Dear Coleen,
I’m writing this letter with tears in my eyes. I’m about to celebrate 30 years of marriage and my wife and I have three grown-up kids and the two boys still live with us at home. Last week, my wife and I were at an event with some of her friends and ended up going back to one of their houses for another drink. When it was time to go home, we called a taxi and I waited by the door for it while she carried on talking to her friends in the kitchen.
One of them asked her if she could go back and do one thing in life that she’s missed over the past 30 years, what would it be?
My wife replied: “Another night with John.” I was totally shocked – John was her ex-boyfriend who she lost her virginity with. I wanted the ground to open up and swallow me and had to hold back the tears. None of them saw me standing by the door.

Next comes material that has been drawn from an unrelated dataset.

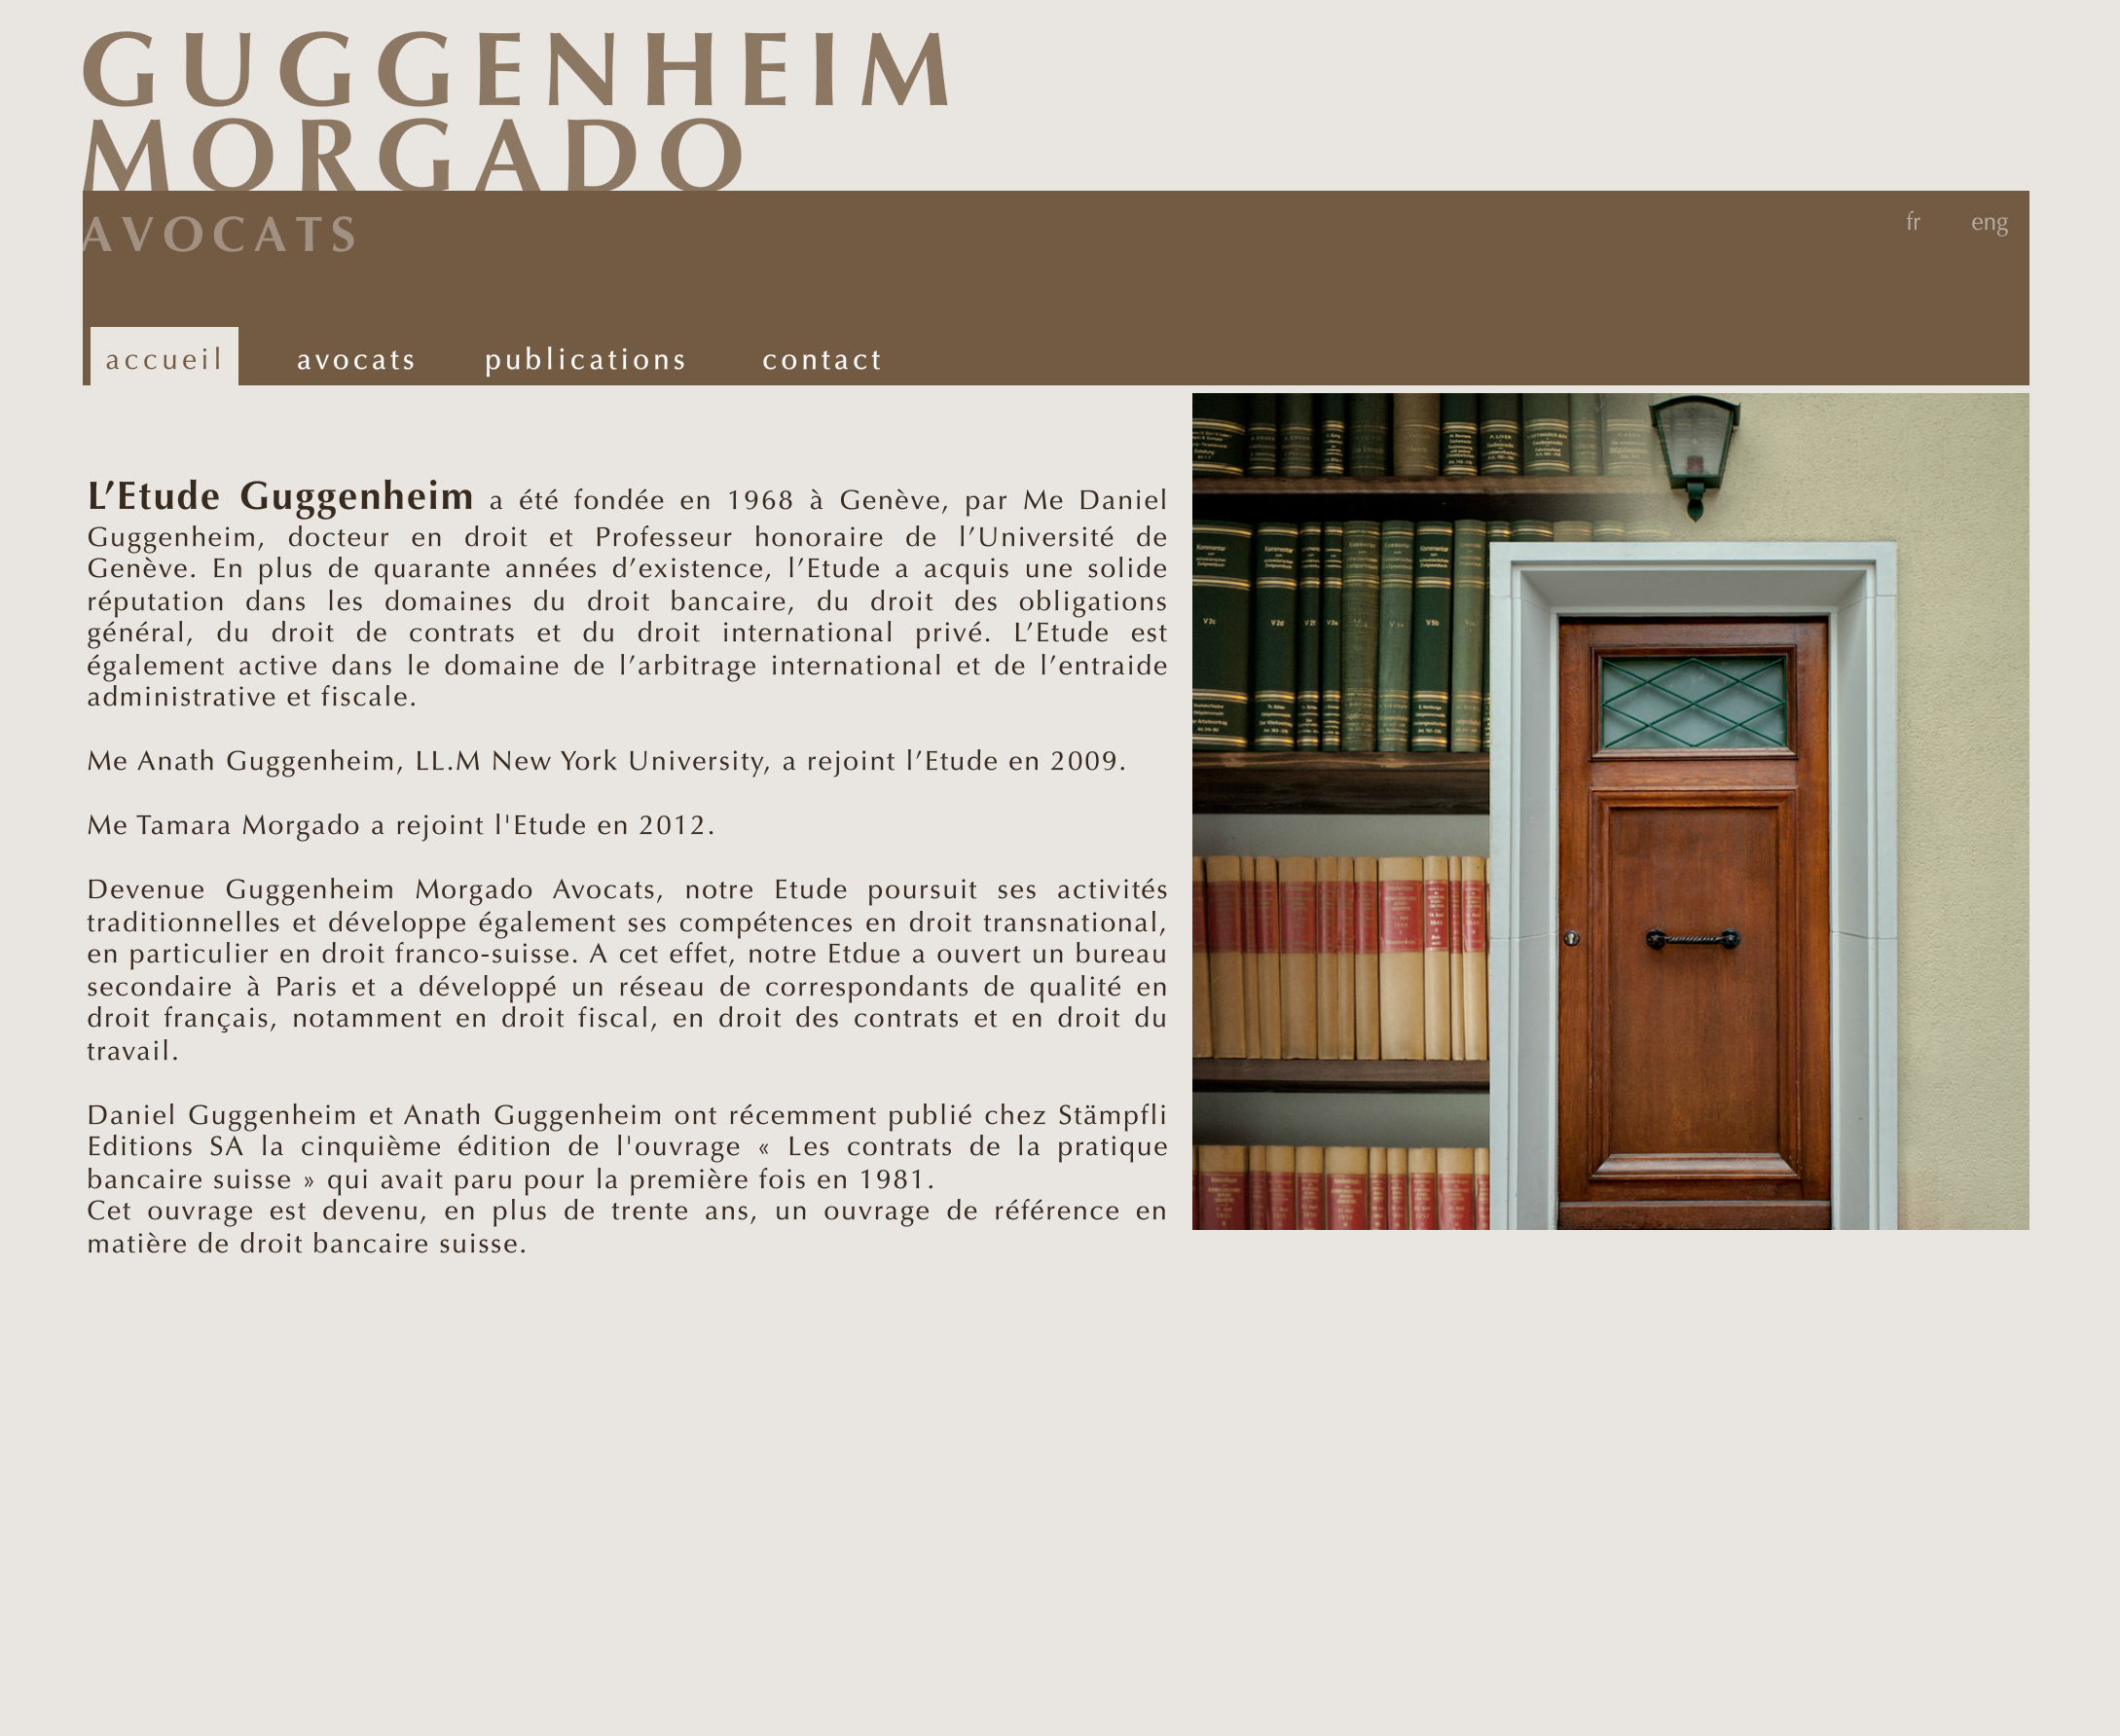 Ligne Graphique Website Carte De Visite Papier A Lettre Voeux Et Prise Vue Photo Pour Letude Guggenheim Morgado Avocats Basee Geneve

Then one of her friends asked why this was as she has such a good husband and my wife said: “But he lacks in the trouser department and John was a lot bigger and better in bed.” Then she went on to talk about the other four men she’d slept with who were all bigger than me.

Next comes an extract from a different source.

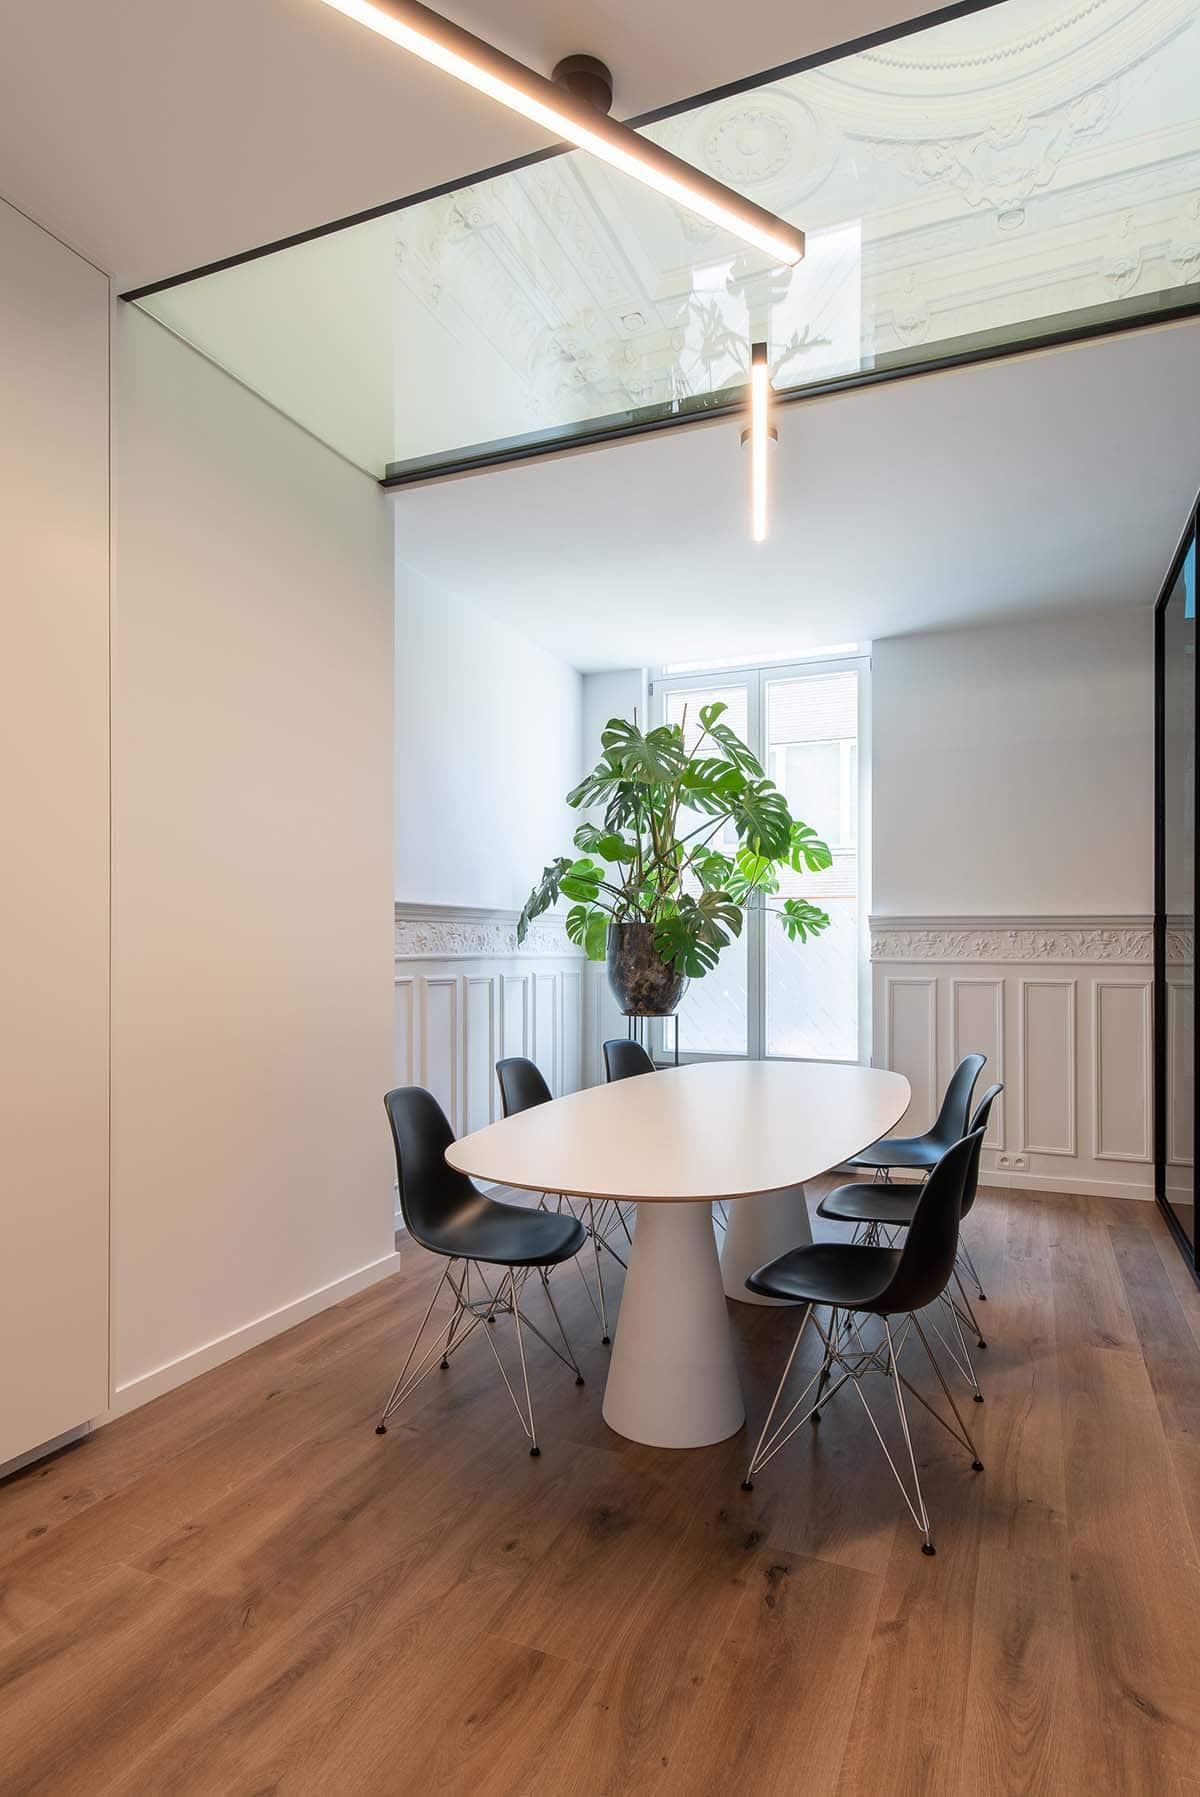 interieur ontwerp tweedraads advocaten

I was devastated, not least because she’d always said she’d only slept with one other man before me. At that point, one of her friends saw me and insisted my wife hadn’t meant anything by what she’d said and that she was just drunk. My wife doesn’t know I heard any of this, although she knows something is wrong. I keep replaying it in my head and can’t sleep. How can I handle this? I’m thinking of walking away.
Coleen says
First of all, you have tell her what you overheard and explain how much it has hurt you, and that you don’t know how you can come back from it. I’m sure she’ll feel terrible because she probably was drunk and people do say things when they’re drunk that they’d never say sober.
But whatever she’s comparing you to, the fact is that your marriage has lasted 30 years. If these other guys were so wonderful, why did she choose you and stay with you for all this time? They are exes for a reason.

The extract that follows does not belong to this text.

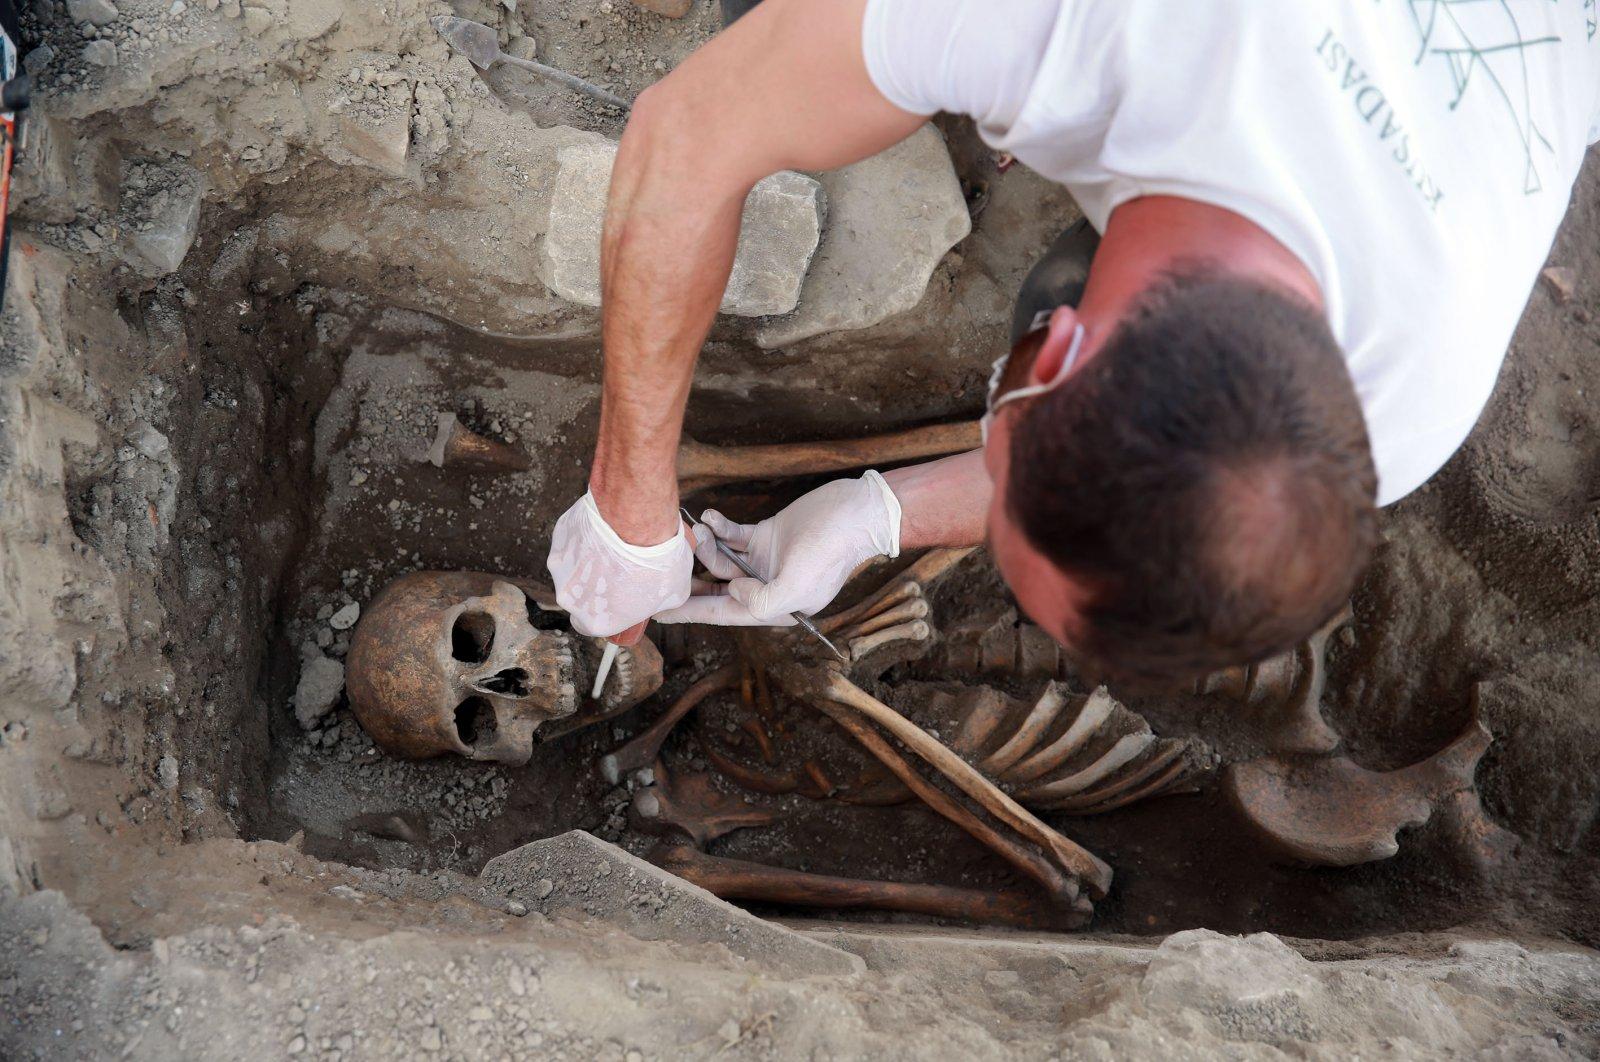 An archeologist works on a skeleton found at the Kadıkalesi archaeological site, Aydın, western Turkey, May 6, 2021. (AA Photo)

Whatever her reasons were for saying what she did, you can’t move forward unless you talk about it. She needs to know how hurt you are and you need to give her the chance to explain and apologise for hurting and embarrassing you.
This could obviously affect your confidence in bed and if you feel you can’t move on sexually, then it would be worth seeing a psychosexual counsellor. But I think you should work hard at not throwing away 30 good years for a drunken off-the-cuff remark.
Don’t let your ego and pride kick away everything you’ve built up.